Le Salvum me fac Deus, conservé à la Bibliothèque Nationale de France (il est téléchargeable à partir du site Gallica) emprunte 11 versets aux 42 que comporte le psaume 68. La partition a été copiée par l’un des successeurs de Valette de Montigny, Bernard-Aymable Dupuy (1707-1789) dont on connaît grâce à un enregistrement un Noël à grand chœur, un Cantate Domino et un Magnificat restitués par Alix Bourbon (Arion, 1993). Les procédés compositionnels sont proches de l’œuvre précédente mais la partition en est encore plus équilibrée. Un doux prélude en fa majeur fournit le matériau du récit de taille, qui rappelle Jean Gilles (lui aussi passé par Toulouse). Relevons d’emblée la partie obligée de violoncelle solo qui apporte un contre-chant du meilleur effet. La partie centrale s’agite pendant quelques mesures (cascades de doubles-croches au violoncelle et notes tremblées à la basse). Le chœur qui lui fait suite est absolument extraordinaire. Il est préparé par une tempête (basse martelée, figurations de plus en plus agitées à toutes les parties, des dessus jusqu’aux violoncelles et bassons extrêmement virtuoses) reprenant les artifices de celles qui triomphent à l’opéra à l’époque. Relevons un ineffable solo de violon (en triolets) où l’on visualise un frêle esquif qu’une mer en furie ballotte. Puis le chœur éclate juxtaposant notes répétées et gammes descendantes de doubles croches, sollicitant les voix avec virtuosité (les dessus montent jusqu’au si bémol aigu), notamment dans la dernière section de plus en plus impressionnante.
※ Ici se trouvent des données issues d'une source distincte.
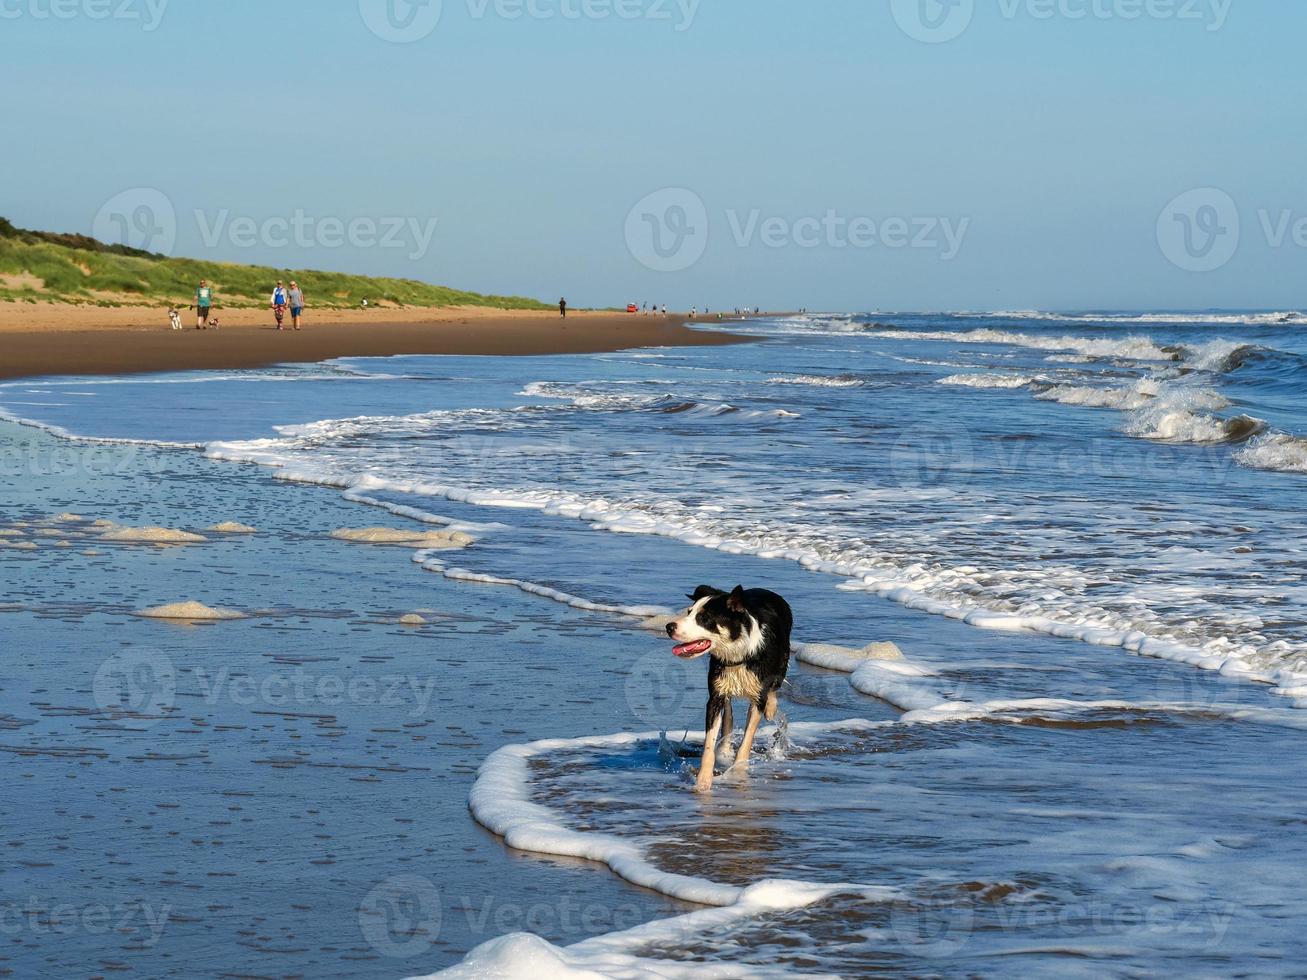 Cane sguazzare in mare a Mablethorpe Beach, Lincolnshire, Inghilterra foto

En ré mineur, le récit de basse fait à nouveau la part belle à un obligato de violoncelle, très italien. De puissants unissons introduisent le chœur Effunde super nos au contrepoint somptueux et donnant lieu à un beau développement. D’une configuration originale, le duo suivant mobilise basse et basse-taille, alternant des passages mélismatiques à d’autres plus verticaux. C’est un mouvement de gavotte qui propulse le chœur de louange (Laudent illum), introduit par une sorte de coryphée (haute-contre). La structure en rondeau se fait de plus en plus complexe et très originale, les couplets adoptant une mesure à trois temps quand le refrain revient au binaire. Le récit de dessus mobilise à nouveau un violoncelle obligé dont la partie s’avère très vocale d’esprit. Le final est particulièrement jubilatoire, alternant duo pour voix d’hommes mais aussi trio de dessus dédoublés et haute-contre avec un chœur à cinq que traversent de nombreuses vocalises. L’envolée vers mi bémol majeur qui précède la fin est éblouissante, les dernières mesures venant conclure en apothéose ce motet d’action de grâce.

Le livret aurait gagné à préciser le détail des voix solistes mobilisées dans tel récit ou ensemble, afin de les pouvoir féliciter nommément. Nous devrons donc nous borner à des louanges générales adressées à toutes les forces réunies ici, aussi bien vocales qu’instrumentales. Si les artistes, dans leur mot reproduit dans la notice, reconnaissent avoir été quelque peu décontenancés en première lecture par cette musique, ceux-ci se réjouissent a posteriori qu’une telle aventure leur ait été permise. Leur enthousiasme illumine chacune des pages qui revivent ici avec un bonheur intense. Les musiciens, malgré la modestie des effectifs, savent faire sonner leurs instruments avec force. Les timbres sont charnus, colorés, roboratifs. On n’a jamais l’impression d’une atmosphère chambriste, les basses (basson, serpent, théorbe, violoncelle, violone, orgue) donnent une assise solide et sans cesse renouvelée dans ses éclairages. On sait gré à Rolandas Muleika de communiquer aussi bien à son équipe ses intentions et cette gourmandise pour cette musique désormais incontournable (souhaitons que le magnifique Beatus Vir du même auteur fasse l’objet d’un prochain enregistrement !). À quelques siècles de distance, ceux-ci nous offrent une démonstration sonore, ô combien convaincante, de l’appréciation portée par l’érudit Sébastien de Brossard sur son contemporain au sujet duquel il déclarait : « Ce Valette est un des plus excellents génies que nous ayons et sa musique est excellente ».